Garrison information
- Occupants: 23rd Air Flotilla, No. 18 Squadron RAAF

= Manggar Airfield =

Manggar Airfield, also known as Mangar Airfield or Manggarbesar Airfield, was a military airfield which was operational during the Pacific War in World War II. It was operational from 28 January 1942 to 10 July 1945, and has been redeveloped into an urban area since.
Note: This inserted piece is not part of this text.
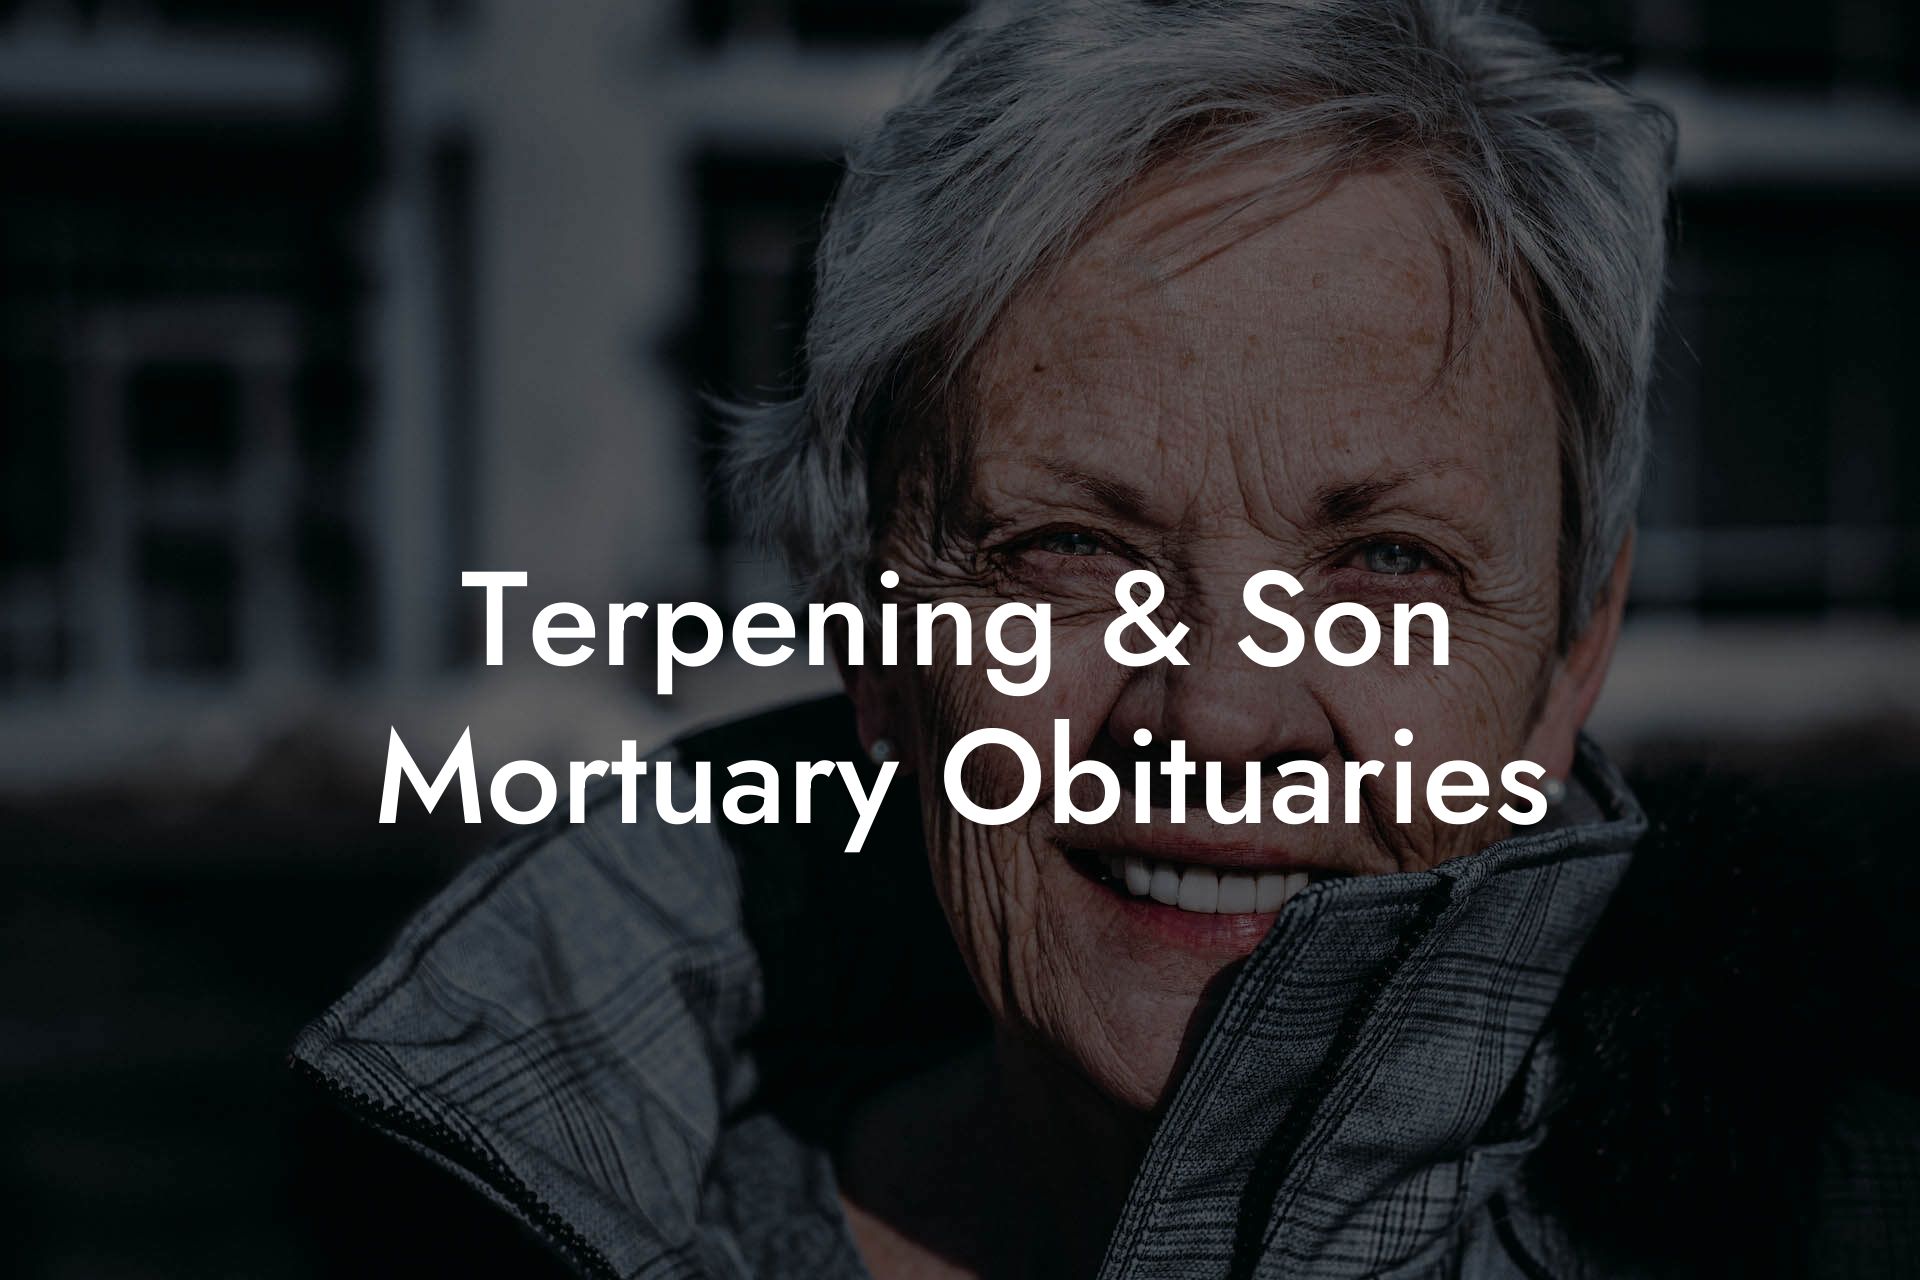 Terpening & Son Mortuary Obituaries

The airfield was located in Manggar in Balikpapan area of Indonesia.

== History ==
Manggar Airfield was originally built in 1936 under Dutch colonial administration to transport oil and tin.
During World War II, Japan had planned to capture the Dutch East Indies, in order to utilize its existing oilfields and also construct an airfield at Manggar, which would be critical for Japan's occupation of Southern Borneo.
Following the fall of Tarakan, from 20 to 23 January 1942, the Royal Netherlands East Indies Army Air Force deployed three Lockheed Lodestars to Manggar Airfield for evacuation and resupply flights. BPM personnel and civilians who were still left behind were airlifted to Surabaya.

=== Japanese Capture ===
Following the Japanese victory in the Battle of Balikpapan, the Sakaguchi Detachment began the re-construction of Manggar Airfield on 26 January 1942. Following a bombardment by allied forces, the airfield had to be repaired on 27 January. The next day, nine Mitsubishi A6M Zero fighters of the 23rd Air Flotilla landed at Manggar Airfield, and later set up a headquarters by the 30th.
Manggar Airfield was first photographed on 10 October 1944, and was operated by the Imperial Japanese Navy and Japanese Army Air Force. It consisted of two airstrips, and was a major landing ground as it was the largest airfield in the Balikpapan area. In February 1944, the 23rd Air Flotilla relocated the 381st Kokutai to Manggar Airfield, recently equipped with Mitsubishi J2M Raiden Interceptors. The 381st Kokutai stationed two Hikotais at max strength, equipped with 36 front-line fighters and 12 aircraft in reserve. One of these squadrons, S602 had slowly converted to Raidens in the ensuing months, operating less than 10 aircraft during the Balikpapan air battles. The 381st Kokutai also commanded one Hikotai equipped with 8 J1N1-S Gekkos, with 6 aircraft in reserve. The U.S. Strategic Bombing Survey characterized 381 as one of the best fighter groups in the Japanese Navy.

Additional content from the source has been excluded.